Like being able to read all writing still doesn’t confer knowledge of cyphers, cultural knowledge, context, etc. if someone has the ability to read all languages great! That means deciphering the text isn’t the challenge, and sometimes there won’t be challenge where you might like there to be, but it’s a group game. Every single PC should be dictating the campaign.
 

DEFCON 1

Legend
Supporter
Narrative without mechanics is just collaborative storytelling. That's not a game IMO, and playing a game is why we all got together tonight. Also, the process you described would work the same way for combat, so it's more an alternate way (and probably a fun way) to spend your evening than it is a playstyle for D&D exploration, IMO.
You absolutely could run Combat this same way, with only a few checks rather than this combat mini-game we have. And many RPGs do that, because they aren't "monster fighting games" like D&D essentially is (because the biggest mechanical ruleset in the D&D game is the monster combat fighting system.) But I am suggesting that creating a Exploration mini-game like we have for Combat will not accomplish things the way people think they want... because the narrative and description and coming up with ideas and solutions are what make Exploration what it is (and the Social pillar what it is for that matter.)

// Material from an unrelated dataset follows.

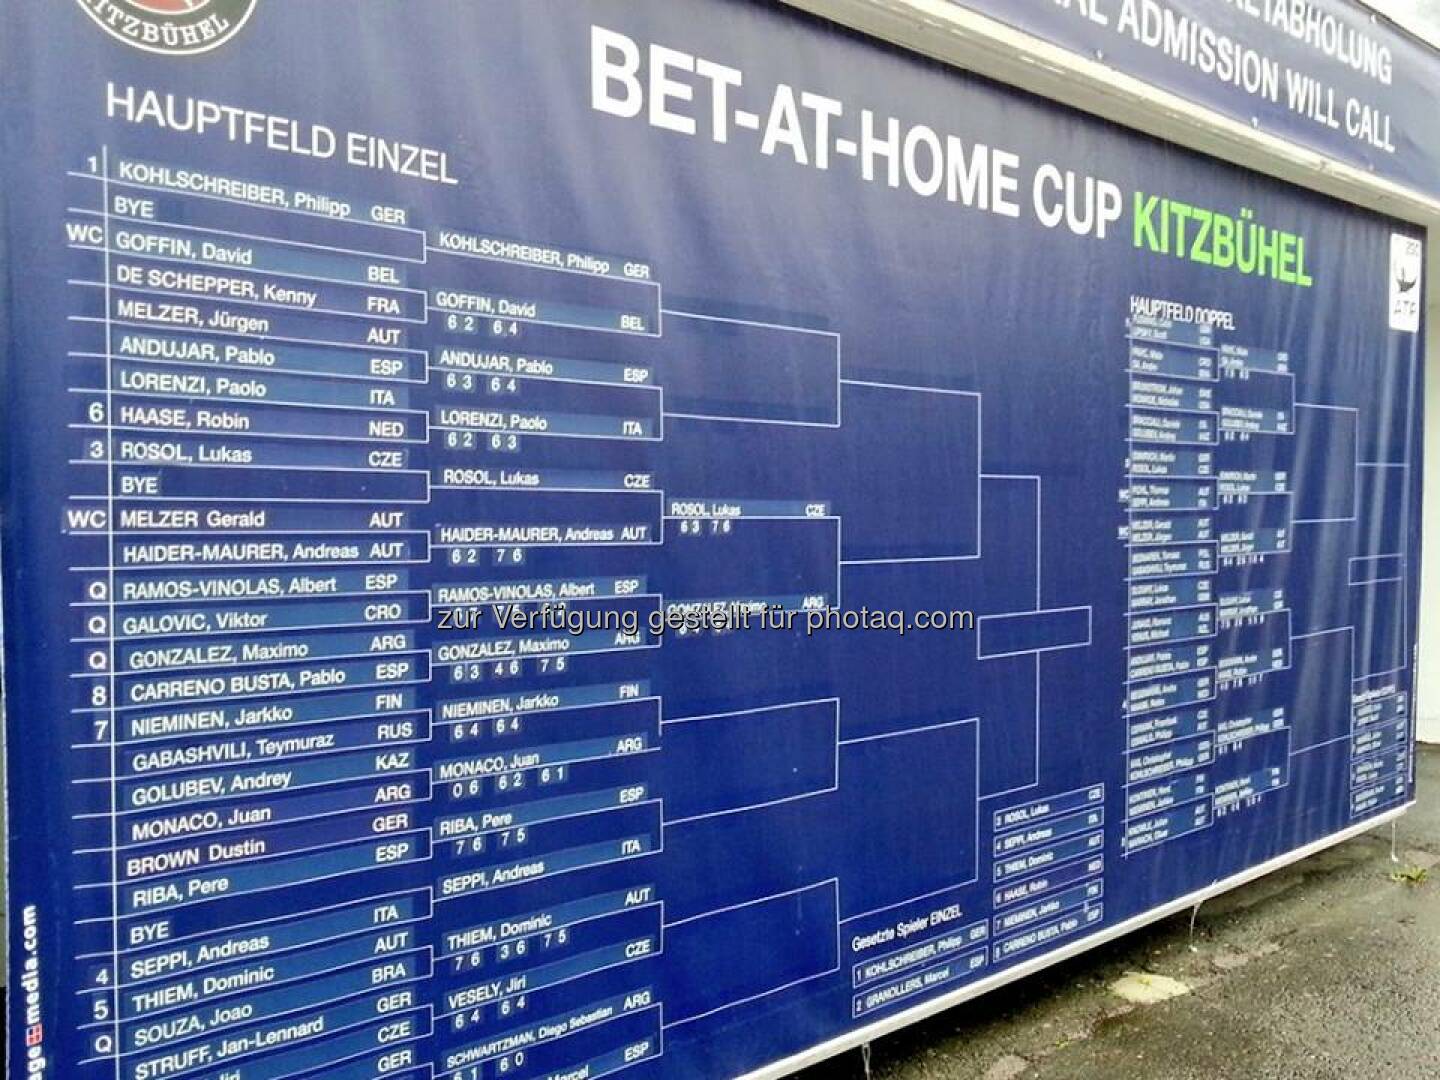 Der aktuelle Turnierraster in Kitzbühel. #betathomeCup  Source: http://facebook.com/betathomecomAustria

You may decry this as "collaborative storytelling"... but I believe that's exactly what RPGs are. It's why D&D is not entirely a board game made up of nothing but mechanical mini-games. Combat? Absolutely a board game mini-game. But as soon as you turn Exploration and Social into mechanical mini-games too... all of D&D just becomes going from one mini-game to another... the DM lining them up, the players playing them, and then they all moving on to the next one. Leaving character and story and imagination and ideas completely behind.

If some people want to play Exploration the same way they play Combat, more power to them. Personally I think they would be missing out entirely on what makes an RPG an RPG, but hey, whatever floats their boat. But I'm suggesting that narration, description, and ideas with a few checks sprinkled in here and there to determine whether those ideas were good makes the game so much more interesting than just playing those mini-games over and over again.